Problem to work on » Your task is to copy the listing exactly, with the pictures left out.
BEGIN Data extract
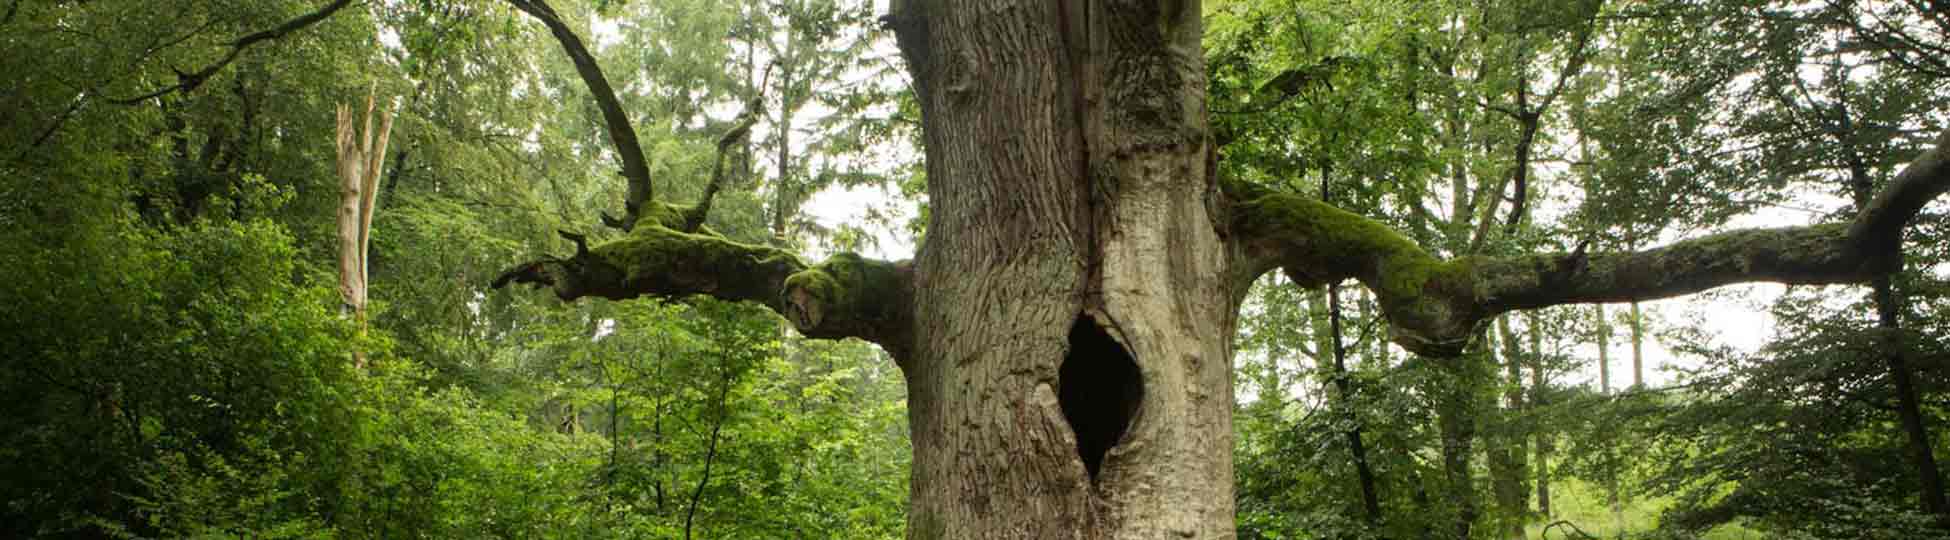 Baum mit großem Astloch im Urwald
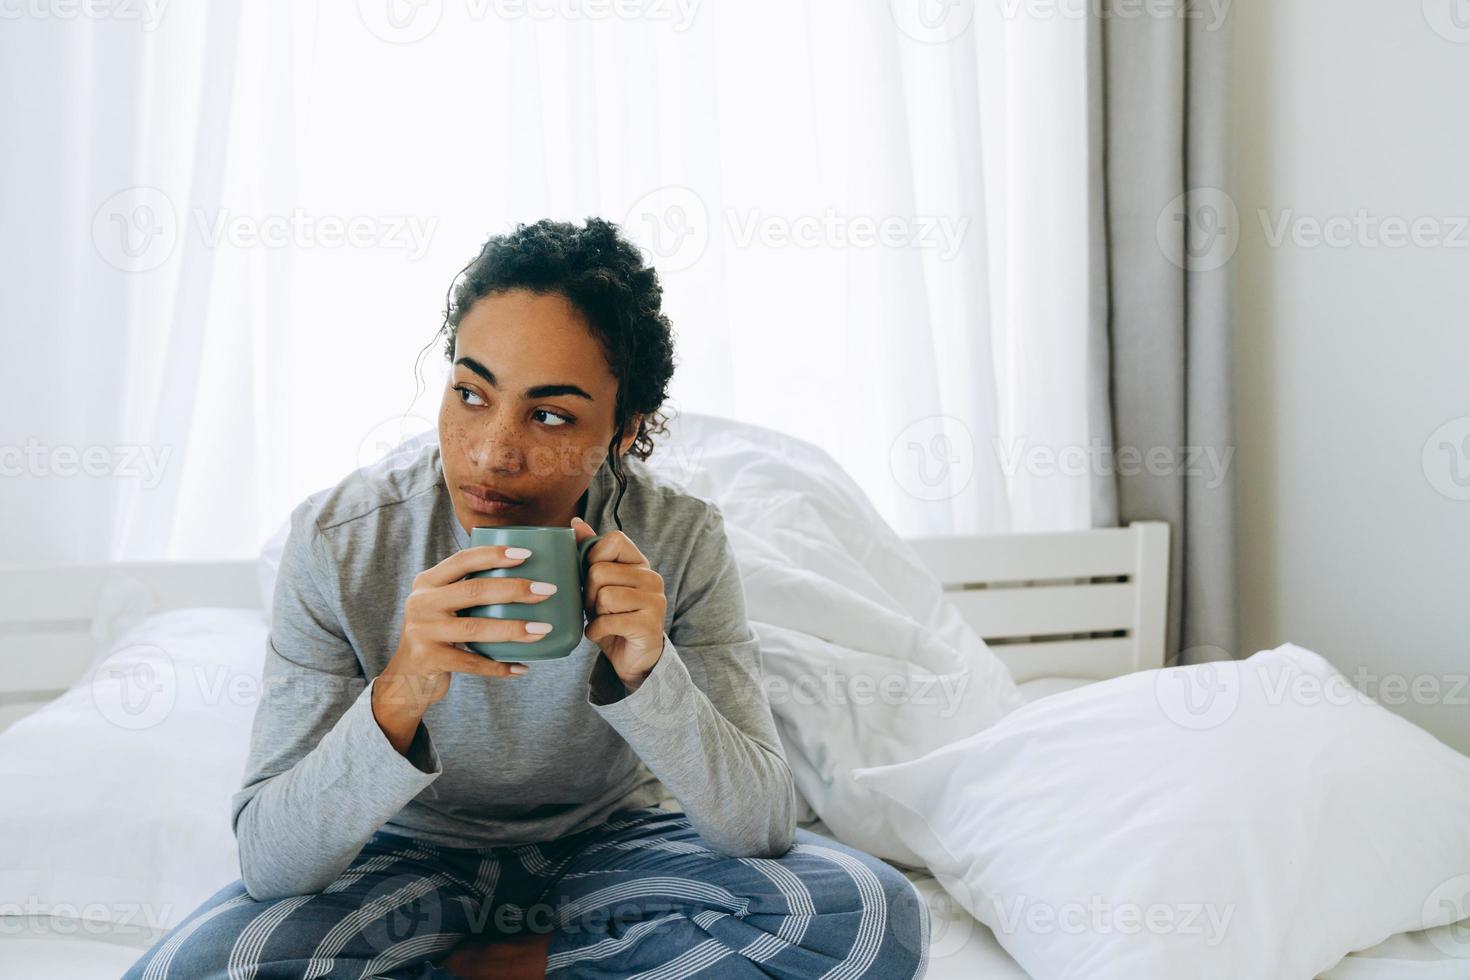 koncentrerad afrikansk kvinna dricker kaffe och tittar åt sidan foto
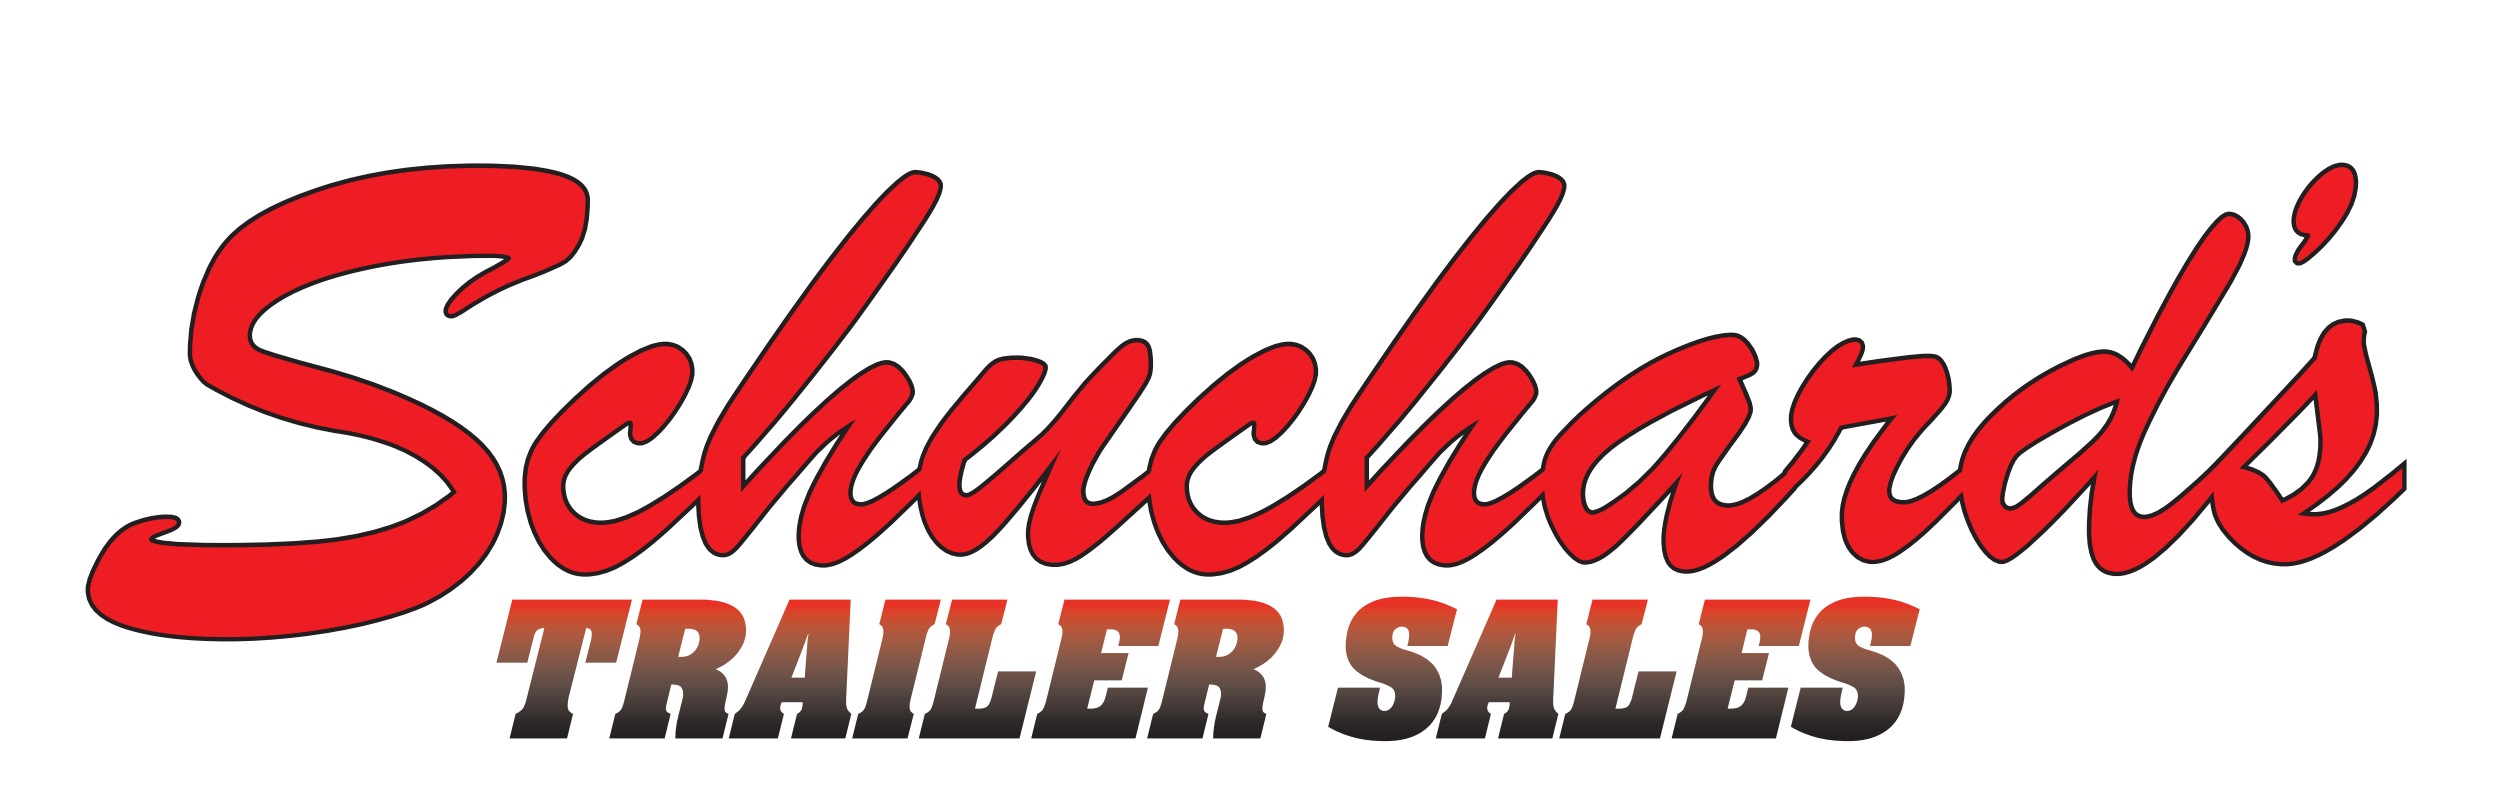 Schuchard's Trailer Sales
END Data extract
Answer to the exercise »
 Baum mit großem Astloch im Urwald
 koncentrerad afrikansk kvinna dricker kaffe och tittar åt sidan foto
 Schuchard's Trailer Sales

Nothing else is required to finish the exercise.